Кто посмел бы в чем-нибудь упрекнуть женщину, которая предстанет перед потомством увенчанная не только мученическим ореолом, но и прощением своего супруга?
Она это почувствовала; она поняла также, что с этой минуты стала неуязвима перед лицом истории; однако она ощутила себя еще более беззащитной перед тем, кого она любила слишком запоздало, чувствуя, что всю жизнь его недооценивала. Из груди несчастной женщины рвались уже не слова, а рыдания, крики; она говорила, что хочет умереть вместе со своим супругом и что, если ей откажут в этой милости, она уморит себя голодом.
Комиссары муниципалитета, наблюдавшие за четой через застекленную дверь, не могли сдержаться: сначала они отвели глаза, лотом, ничего не видя, но продолжая слышать душераздирающие стоны, позволили себе снова стать людьми и зарыдали.
Предсмертное прощание длилось около двух часов.

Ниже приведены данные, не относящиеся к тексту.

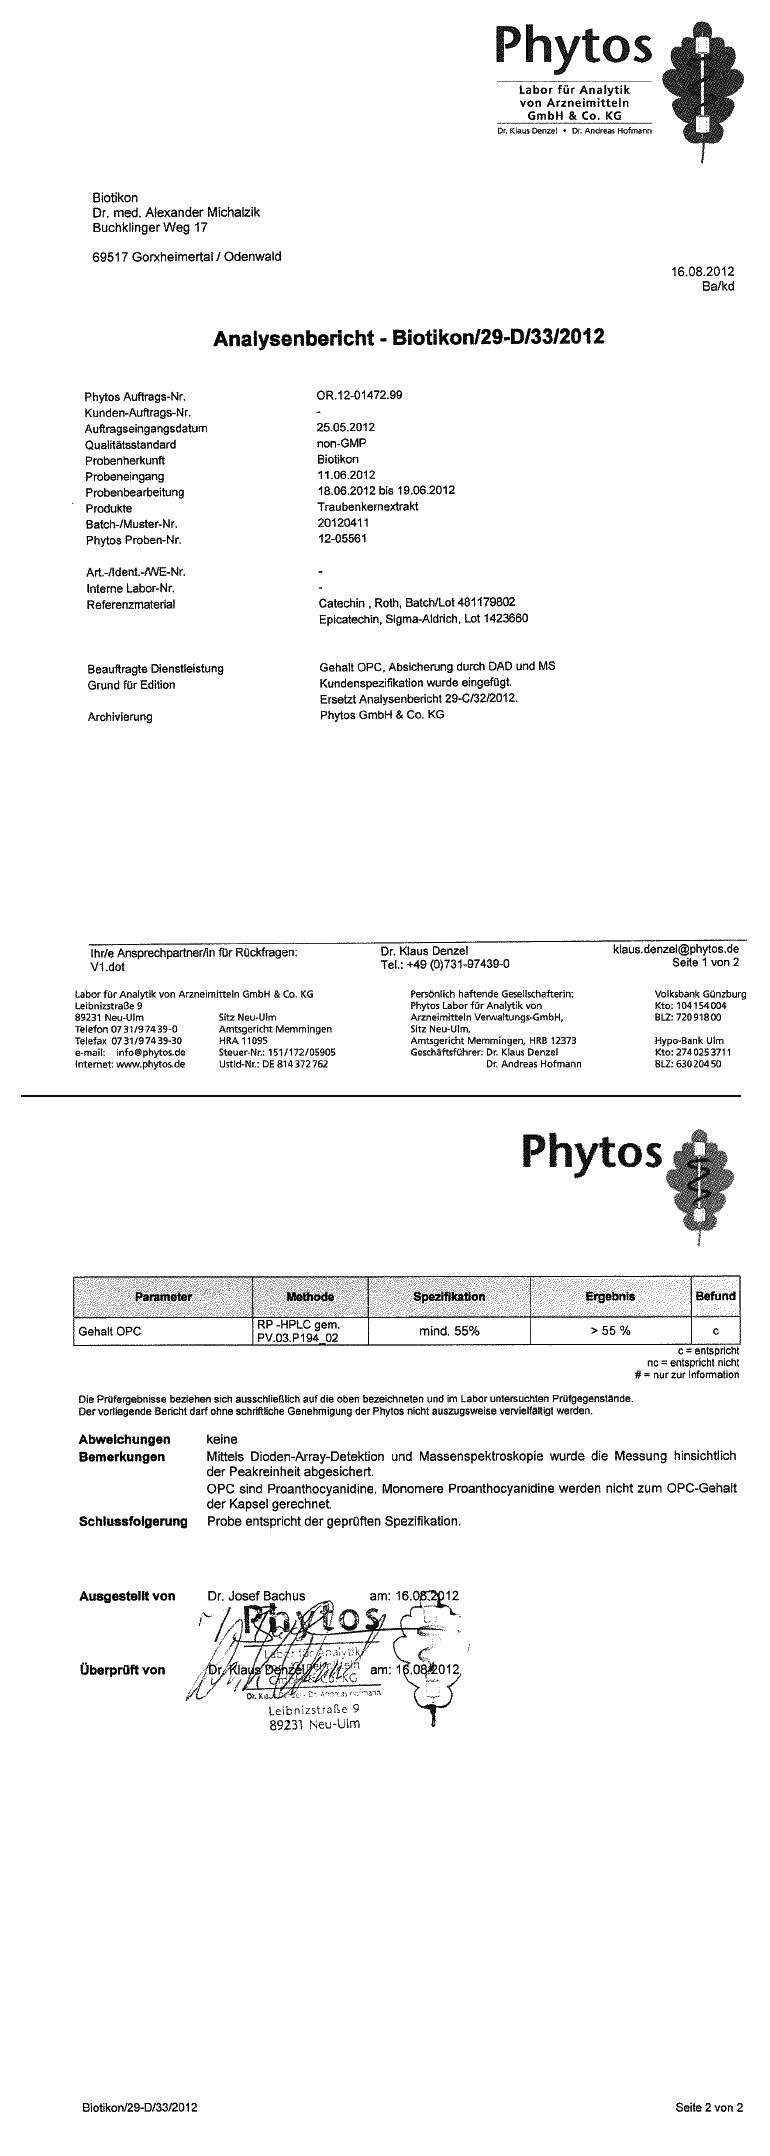 hplc_opc_piperin-pro(1).jpg

Наконец, в четверть одиннадцатого король поднялся первым; тогда жена, сестра, дети повисли на нем, как яблоки на яблоне: король с королевой держали дофина за руки; принцесса Мария Тереза, стоя по левую руку от отца, обняла его за талию; мадам Елизавета с той же стороны, что и ее племянница, но чуть сзади, сжимала плечо короля; королева — а именно она более других имела право на утешение, потому что была самой грешной, — обхватила мужа за шею, и вся эта скорбная группа медленно продвигалась к двери со стонами, рыданиями, криками, среди которых слышалось только:
— Мы увидимся, правда?
— Да… Да… не беспокойтесь!
— Завтра утром… завтра утром, в восемь часов?
— Я вам обещаю…
— А почему не в семь? — спросила королева.

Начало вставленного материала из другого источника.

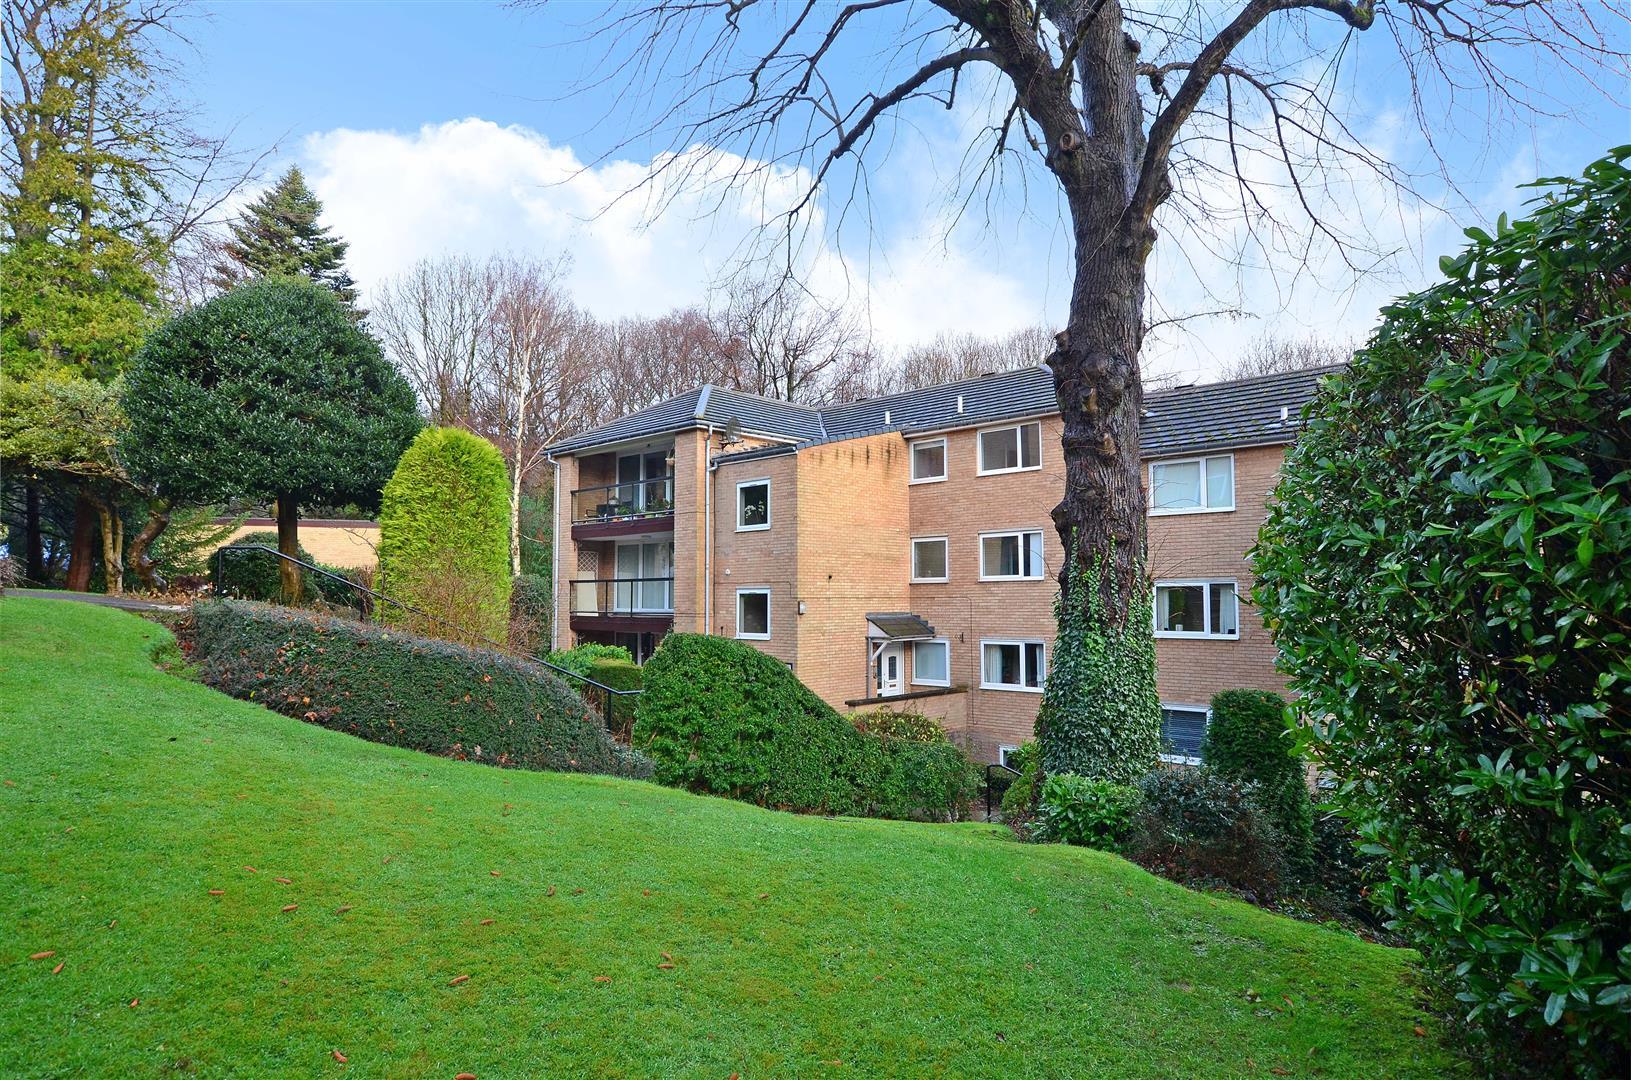 21 Dalebrook Court Belgrave Road Ranmoor Sheffield

— Ну, хорошо, в семь, — согласился король, — а теперь… прощайте! Прощайте!
Это "прощайте!" было так выразительно, что все почувствовали: он боится, как бы ему не изменило мужество.

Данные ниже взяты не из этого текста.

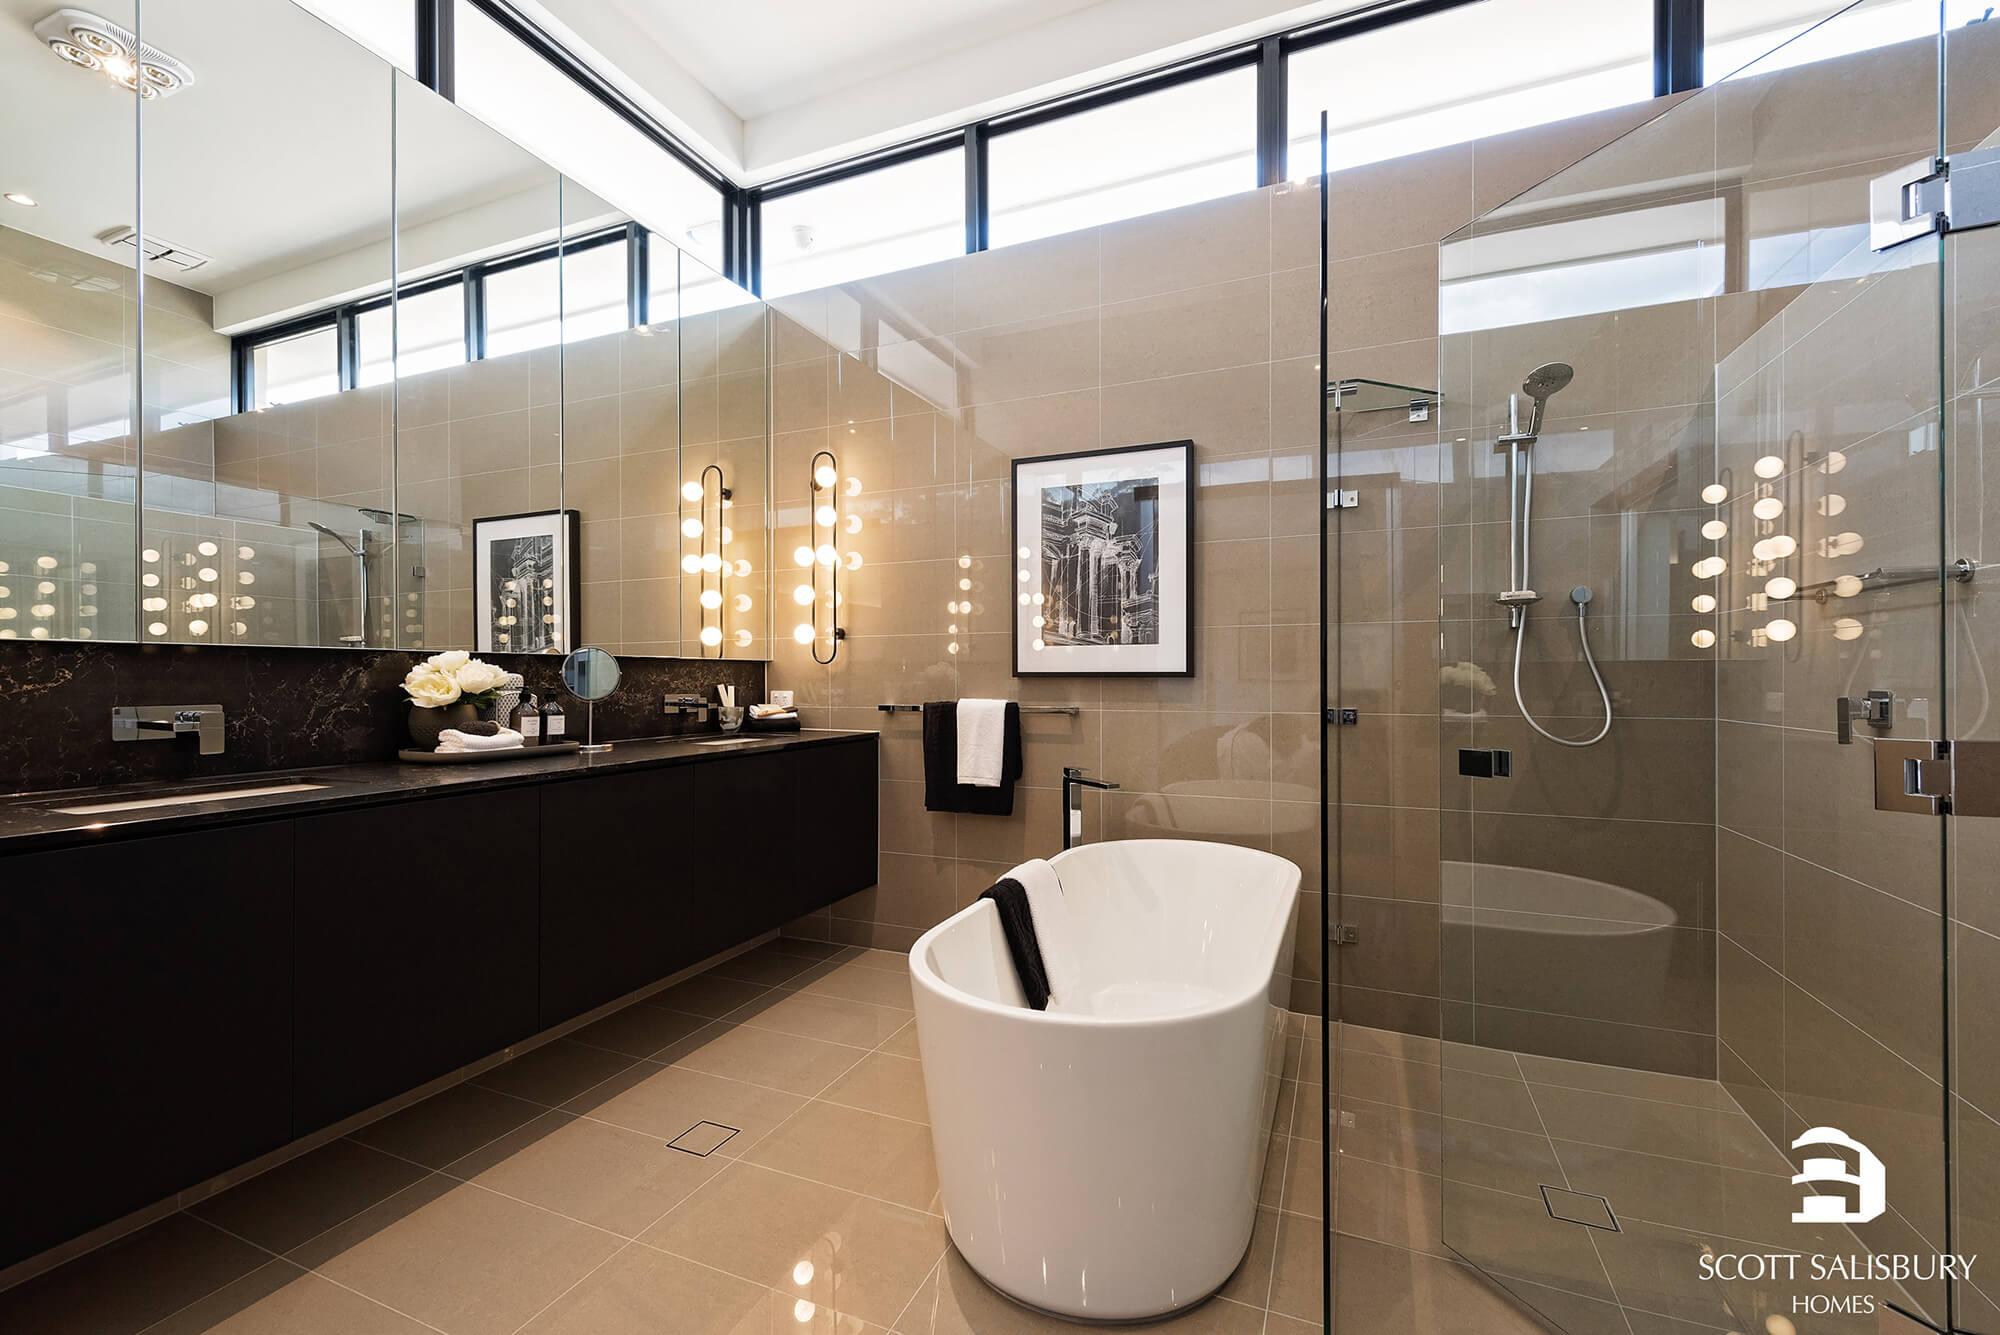 The Charleston bathroom

Юная принцесса не могла более выносить эту муку: протяжно вздохнув, она без чувств упала на пол.
Мадам Елизавета и Клери поспешили ее поднять.
Король почувствовал, что ему надо быть сильным; он вырвался из рук королевы и дофина и бросился в свою комнату с криком:
— Прощайте! Прощайте!..
Он захлопнул за собой дверь.
Королева совсем потеряла голову: она прижалась к этой двери, не смея попросить короля открыть, и плакала, рыдала, стучала в дверь рукой.
Королю достало мужества не выйти.
Тогда комиссары муниципалитета попросили королеву удалиться, подтвердив обещание короля, что она сможет увидеться с ним на следующий день в семь часов утра.
Клери хотел было отнести еще не пришедшую в себя принцессу Марию Терезу в комнату королевы; однако на второй ступеньке комиссары муниципалитета остановили его и приказали вернуться к себе.
Король застал своего духовника в кабинете башенки и попросил рассказать, как его доставили в Тампль. Слышал он рассказ священника или неразличимые слова сливались для него в сплошной гул, заглушаемые его собственными мыслями? Никто не может ответить на этот вопрос.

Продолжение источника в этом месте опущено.